Interestingly, the researchers discovered that improper placement of Ag can disrupt the formation of Zn and Cu alloys, causing Zn to gather in the bulk and create defect clusters. This misplacement can increase electron-hole recombination losses and lead to poorer performance. This insight underscores that the performance of solar cells is highly dependent on the specific placement of Ag doping.

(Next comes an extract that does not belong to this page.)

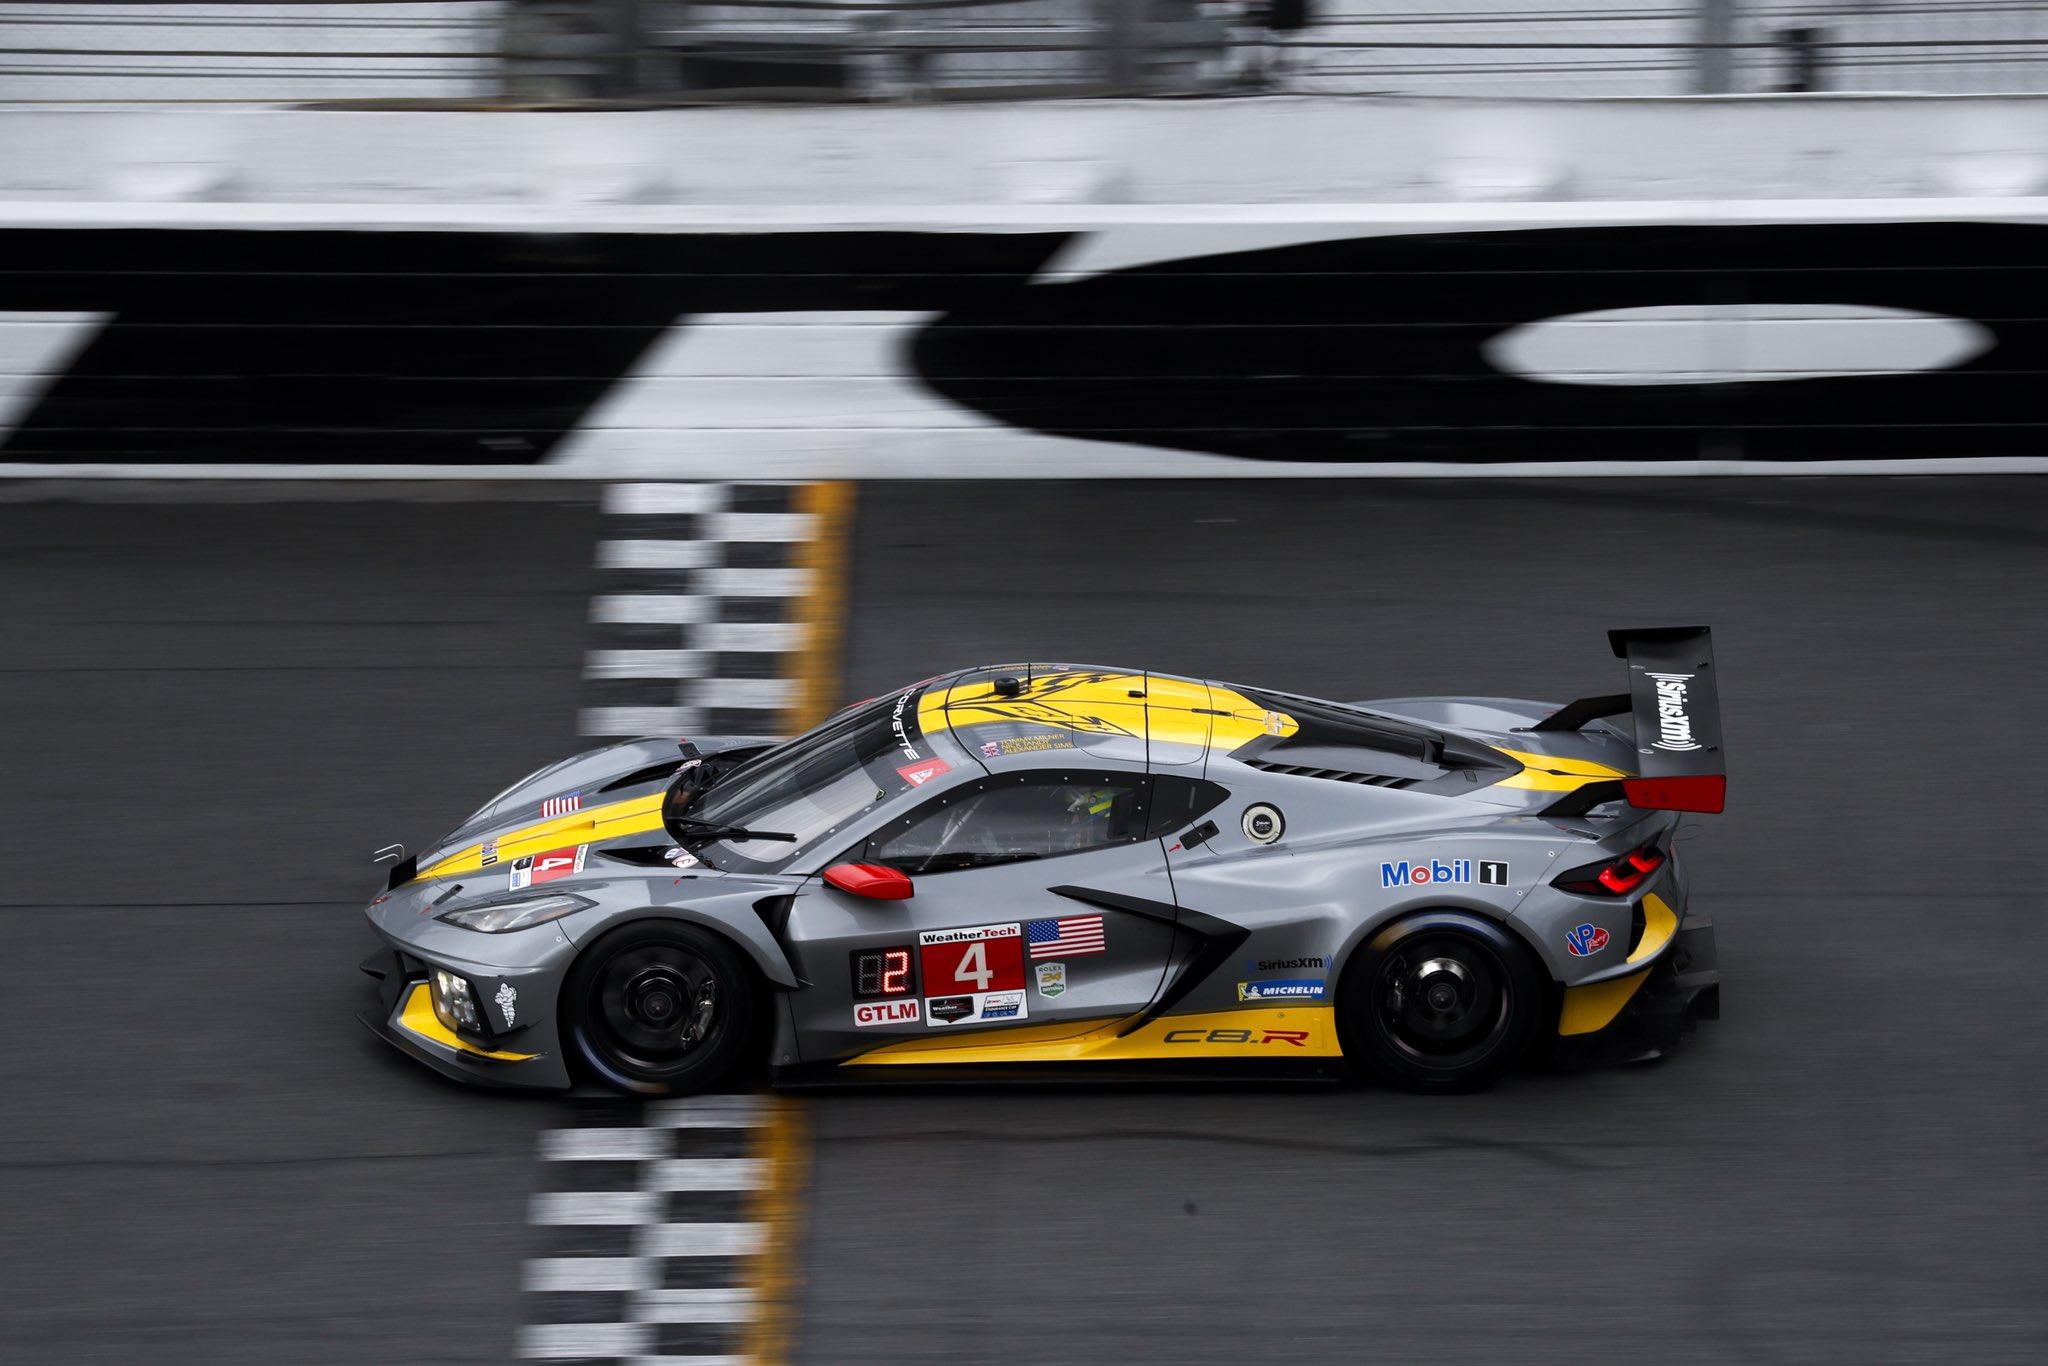 Daytona, Rolex 24 Hours, Motul Pole Award

Additionally, the study indicated that the liquid material created by Ag doping encourages crystal growth, which greatly enhances both the density and crystallinity of the absorber layer. This improvement results in a better energy band structure with fewer defects, facilitating smoother charge transport within the cell. These findings are poised to make a significant impact on the development of high-performance solar cells at a lower cost.

“In this study, we thoroughly examined the effects of Ag doping—an aspect that hasn’t been clearly defined before—process by process. We found that silver plays a crucial role in preventing tin loss and enhancing defect management,” stated Yang Kee-jeong, a senior researcher at the Division of Energy & Environmental Technology. “The findings provide valuable insights for designing silver-doped precursor structures aimed at increasing solar cell efficiency and are likely to aid in advancing various solar cell technologies.”

This research received funding from the Ministry of Science and ICT’s Source Technology Development (Leapfrog Development of Carbon Neutral Technology) Program and the Future-Leading Specialization Research (Grand Challenge Research and Innovation Project (P-CoE)) Program. The study has been published online in Energy & Environmental Energy (IF 32.4), a prominent international journal in the energy sector.